Please also regard the methodological problems that are posed by the study
[http://neurocritic.blogspot.nl/2014/05/does-gamma-tacs-
reall...](http://neurocritic.blogspot.nl/2014/05/does-gamma-tacs-really-
induce-lucid.html) and that they only used 3 subjects.
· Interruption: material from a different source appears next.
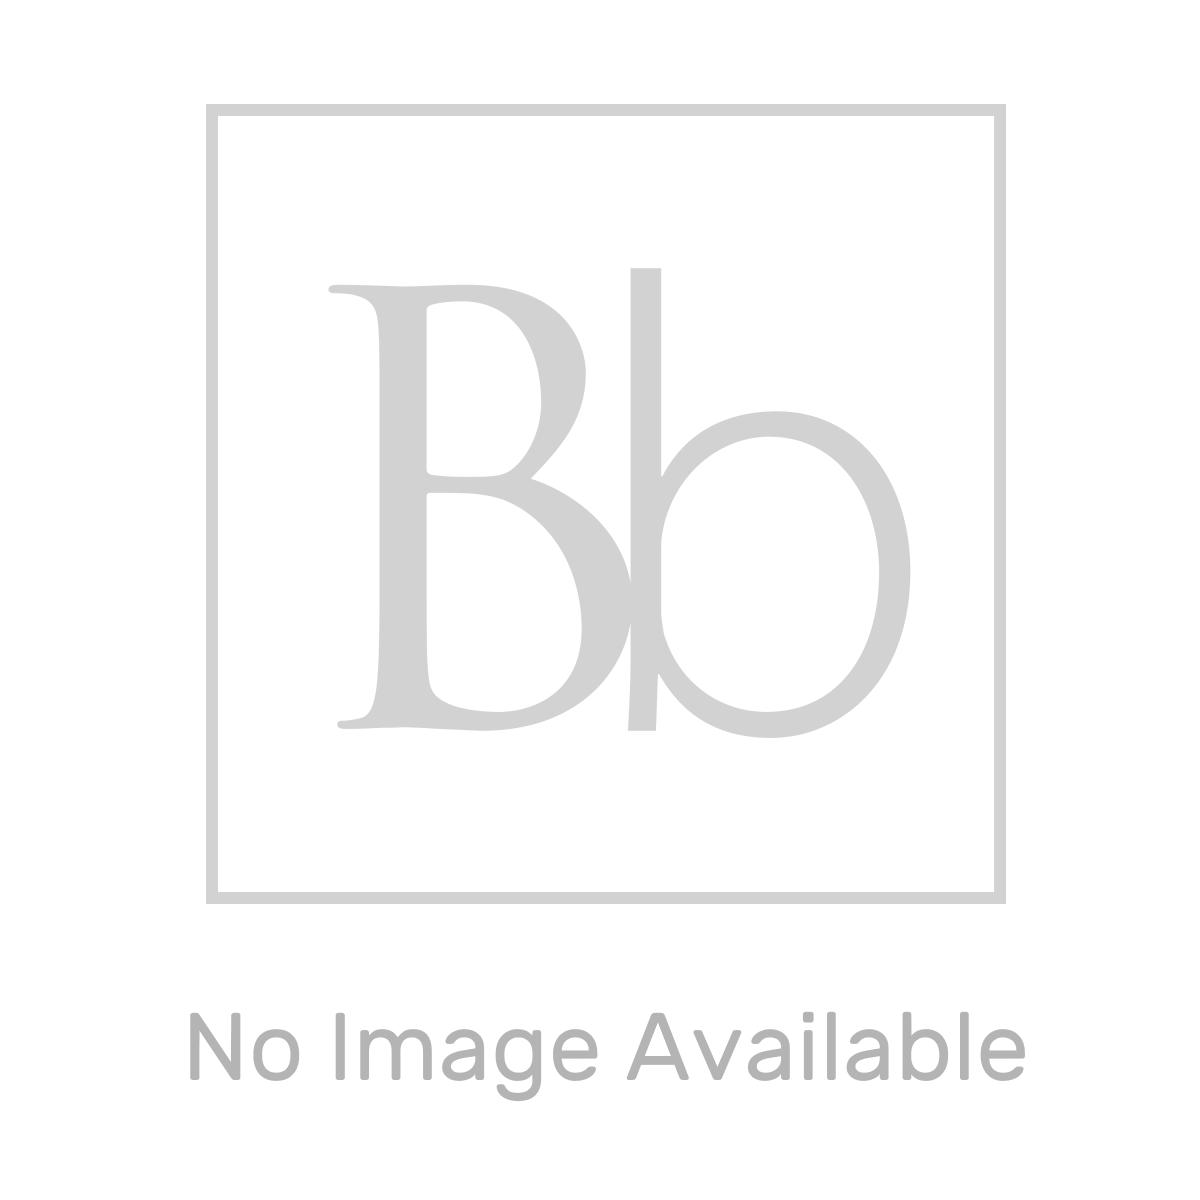 Cassellie Spek Slimline Soft Close Toilet Seat
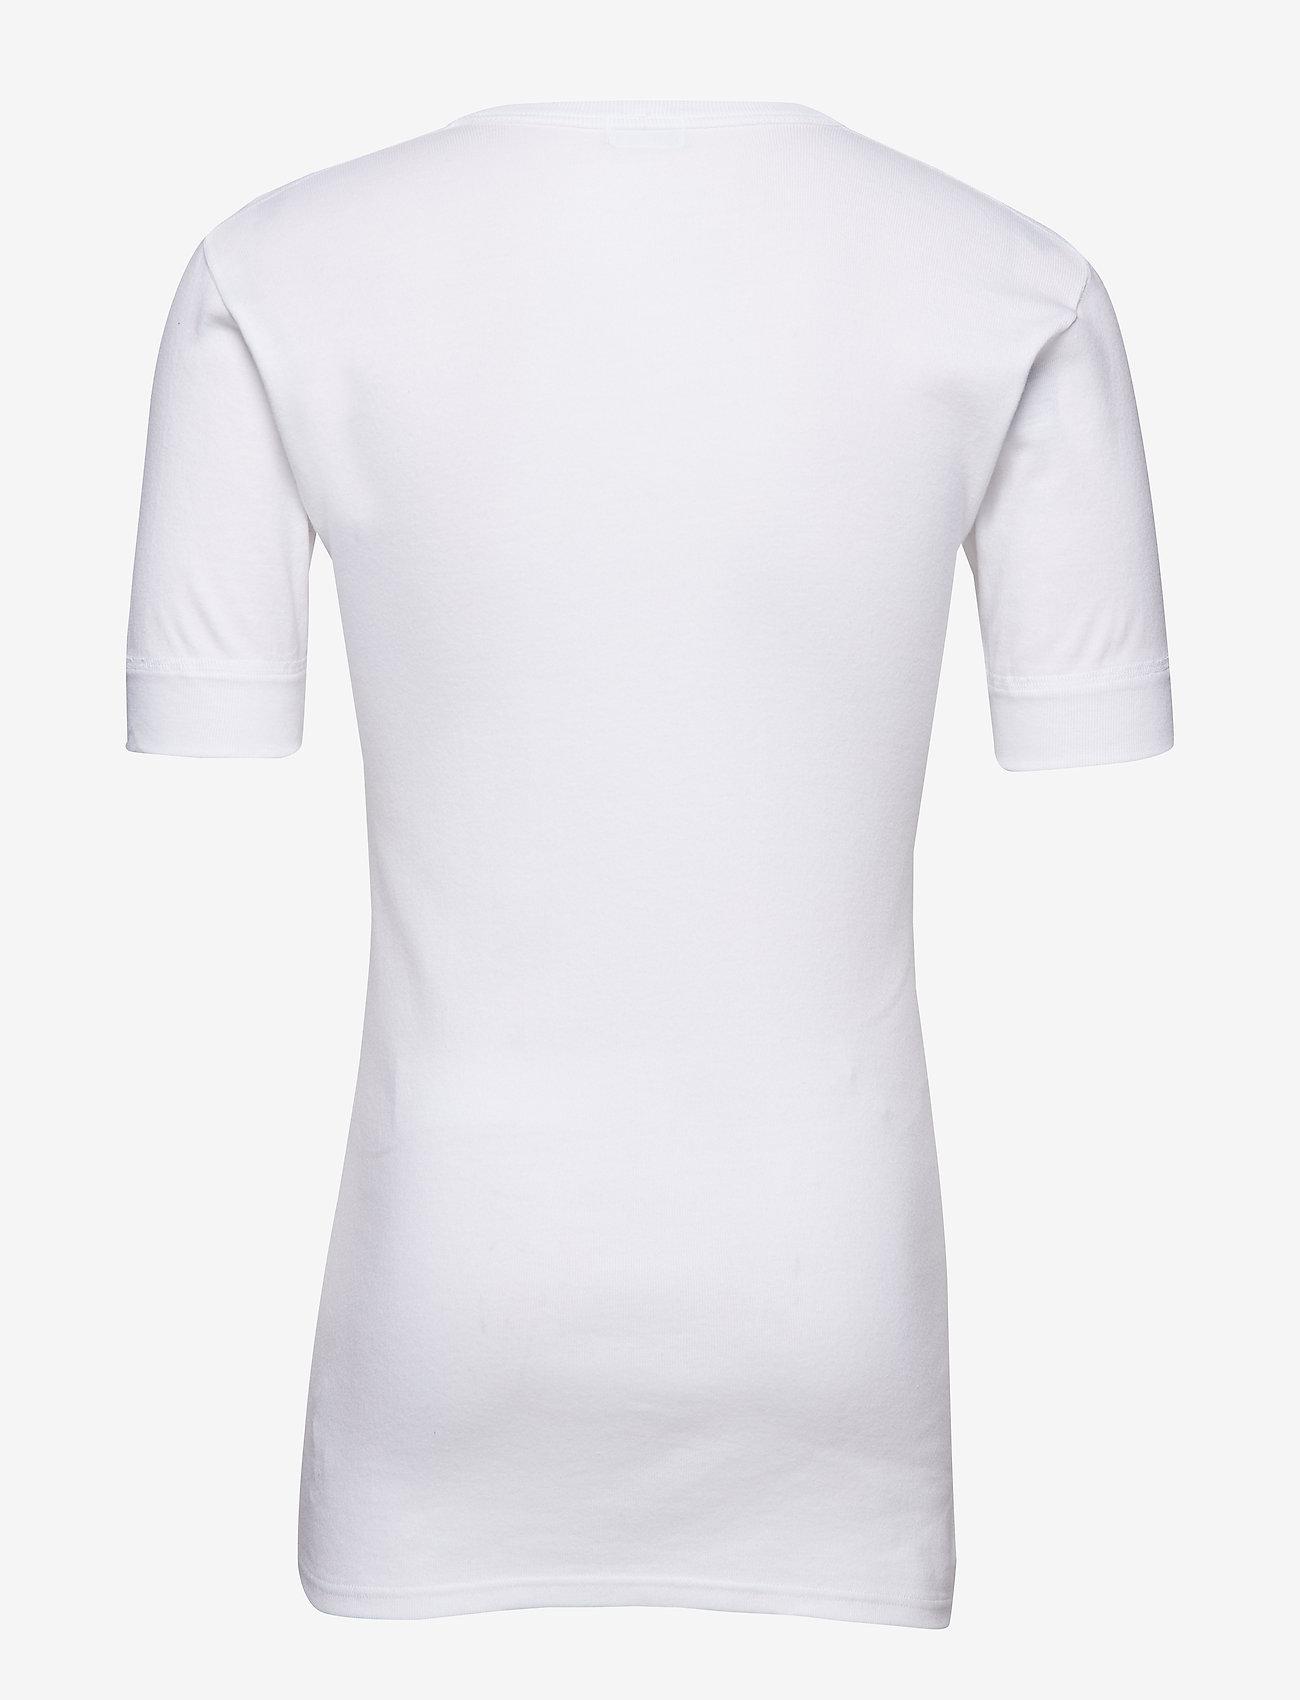 JBS - Original tee - basic t-shirts - white

Furthermore they are
not willing to share their data with other scientists. However, support comes
from another group:
[http://www.sciencedirect.com/science/article/pii/S1053810013...](http://www.sciencedirect.com/science/article/pii/S1053810013001098?via%3Dihub)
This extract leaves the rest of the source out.